Connect with your child and start the conversation by attending one of our events for tween boys and girls! Secret Keeper Girl features two fun fashion shows that demonstrate modesty and true beauty, deep Bible teaching, live worship, and stories that help girls aged 7-12 embrace true beauty and modesty. Born to Be Brave features interactive games, Biblical teaching, the WHEEL OF DESTRUCTION, and live worship with the Allan Scott Band— all strategically designed to put the brave back in your boy in a world that will emasculate and rip the goodness out of him, if given the chance.

Dannah Gresh
 

Dannah Gresh is the best-selling author, speaker , and creator of Secret Keeper Girl, America’s most popular tween stage show for moms and daughters. Dannah has authored 27 books, including And the Bride Wore White, and Lies Young Women Believe (with Nancy DeMoss Wolgemuth) and is considered one of the leading experts on the subjects of sexual purity, modesty, and true beauty. More than 350,000 people have attended her live events. She has been a guest on CNN, Fox News, and the 700 Club and is a frequent guest on Focus on the Family and Family Life. Her TEDTalk on tolerance for virginity offers thought-provoking look at why sexuality is enhanced by self-control. She lives in State College, Pennsylvania with her husband, Bob on a hobby farm with a menagerie of animals. The couple has four young adult children.

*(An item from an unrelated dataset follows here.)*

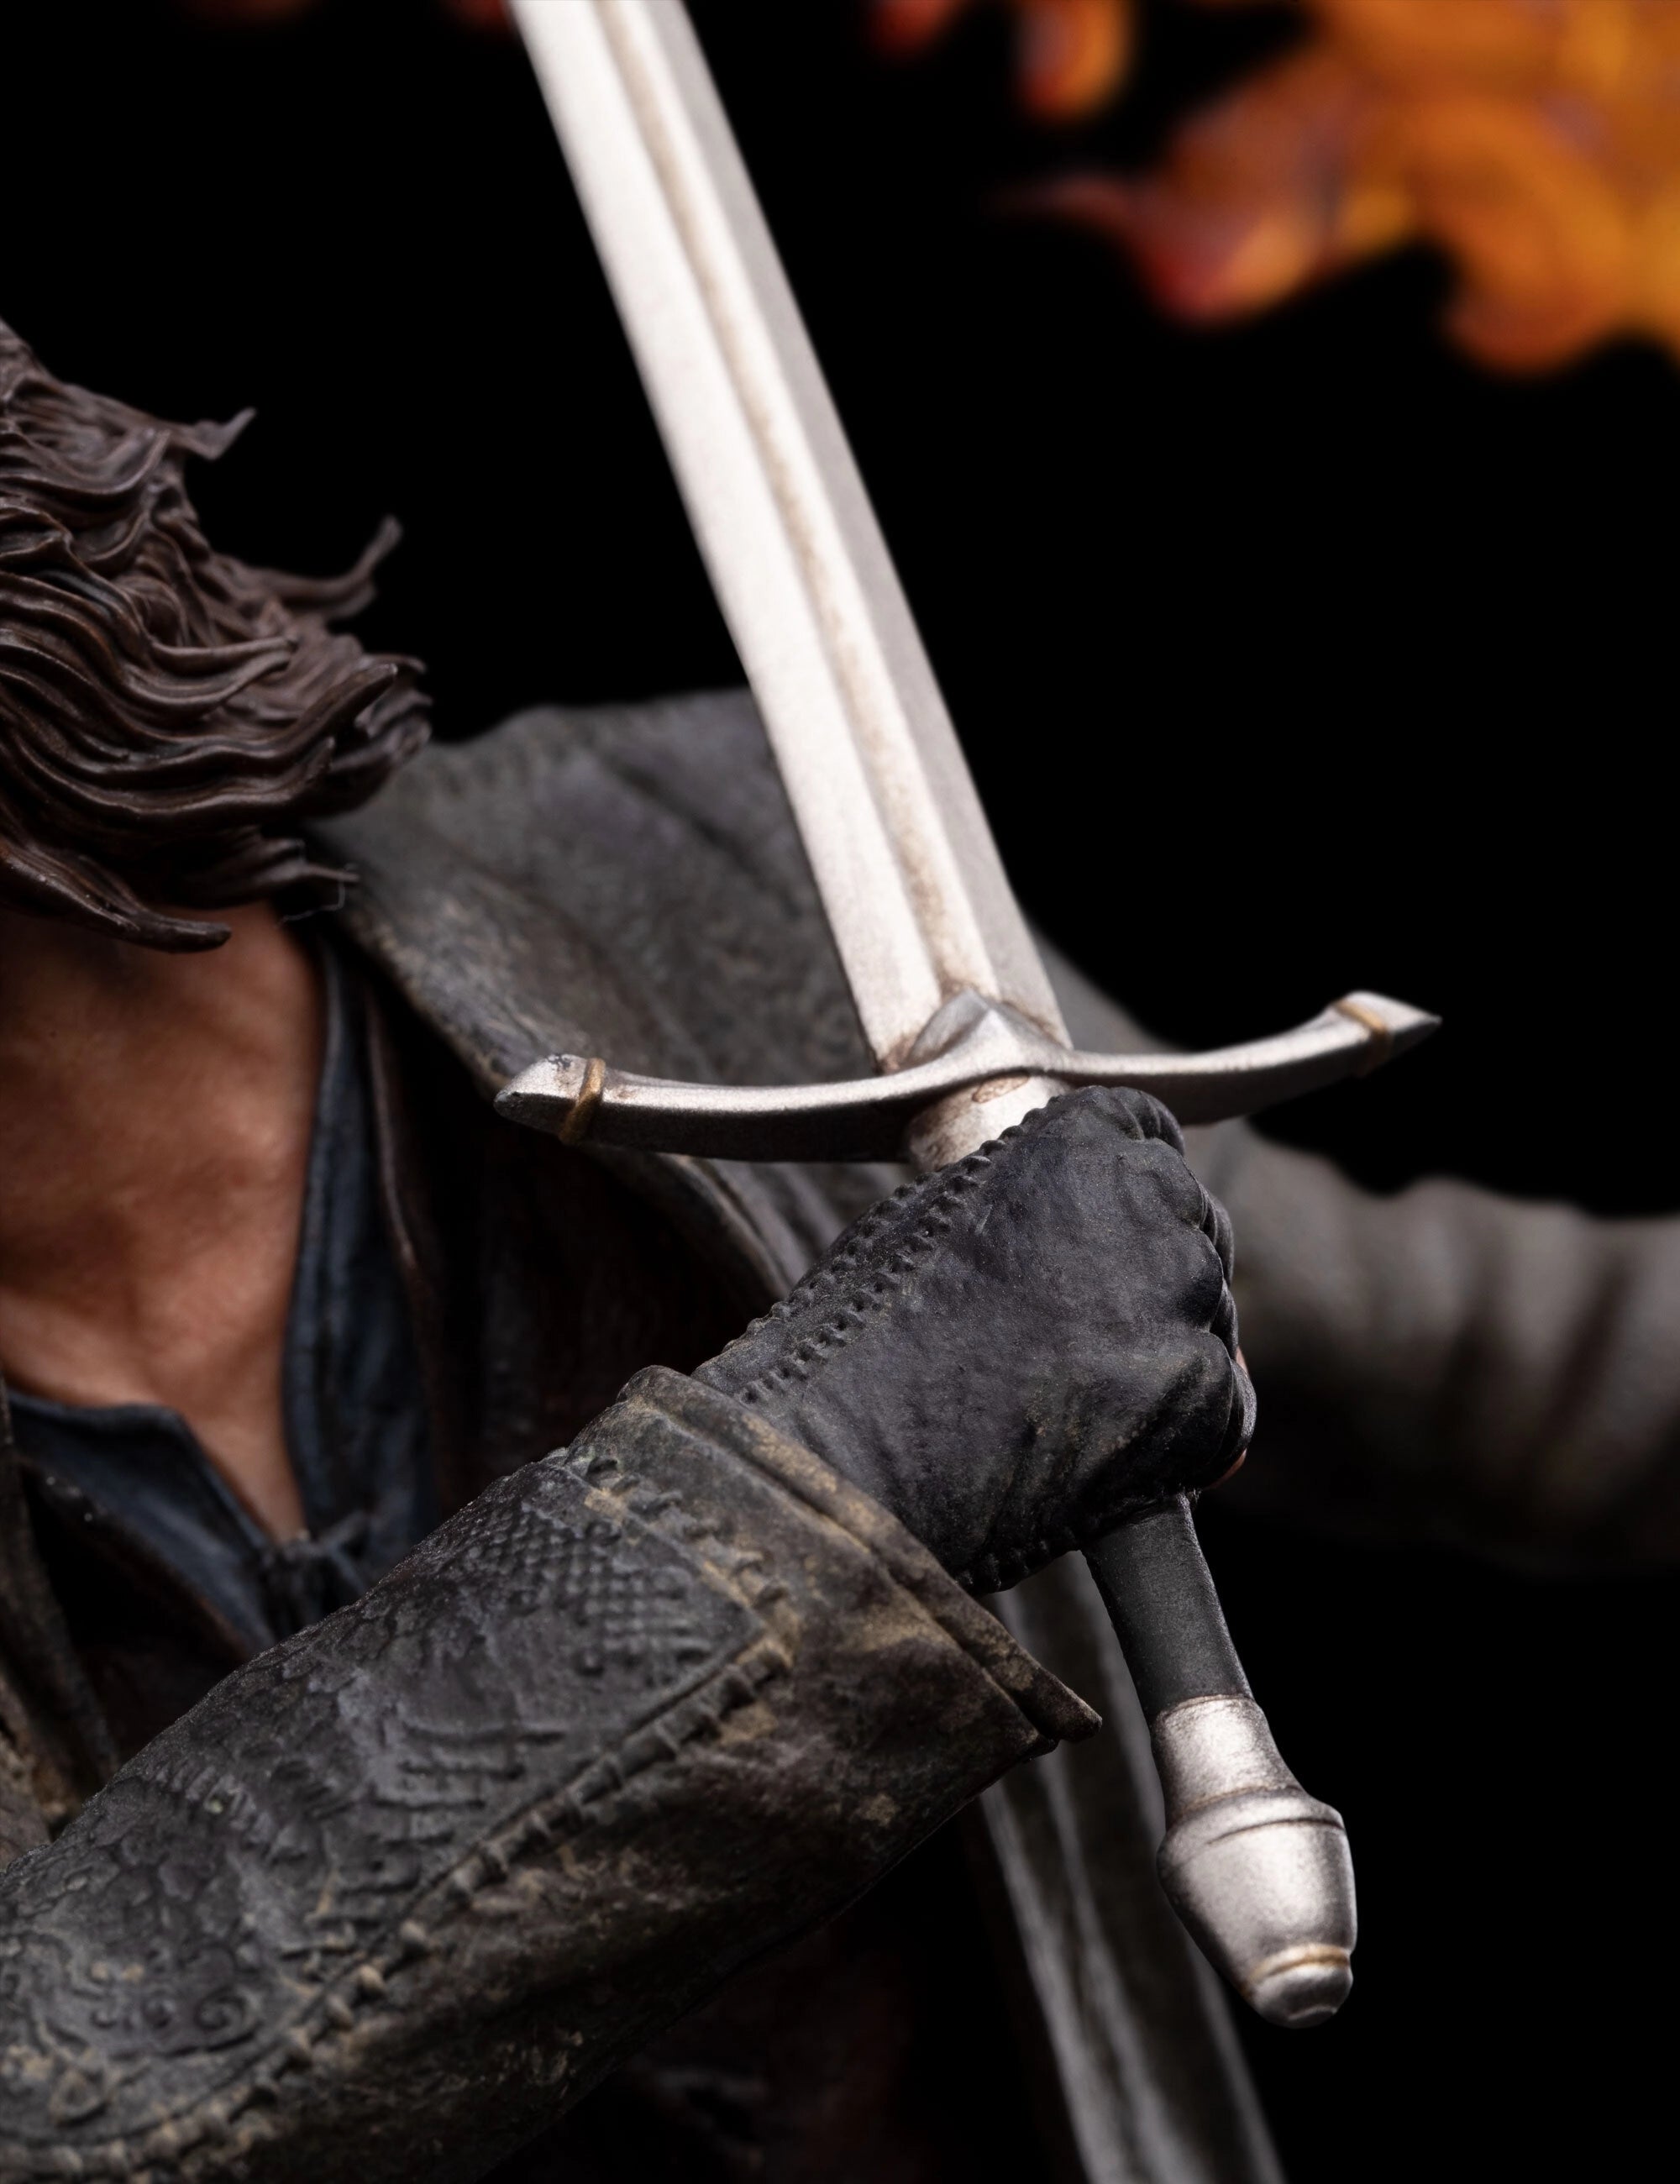 Aragorn with his Ranger Sword and a Flaming torch - Figures of Fandom The Lord of the Rings

Michelle - October 11, 2017

That’s great for those who have present parents. Good parents are the answer to so many of the worlds troubles. For those of us who grew up in dysfunction or abandonment these other resources would have been a blessing.

    Dannah Gresh - October 12, 2017

    It is critical to have other resources and especially mentoring programs for those whose parents are not able to enter into the work of parent.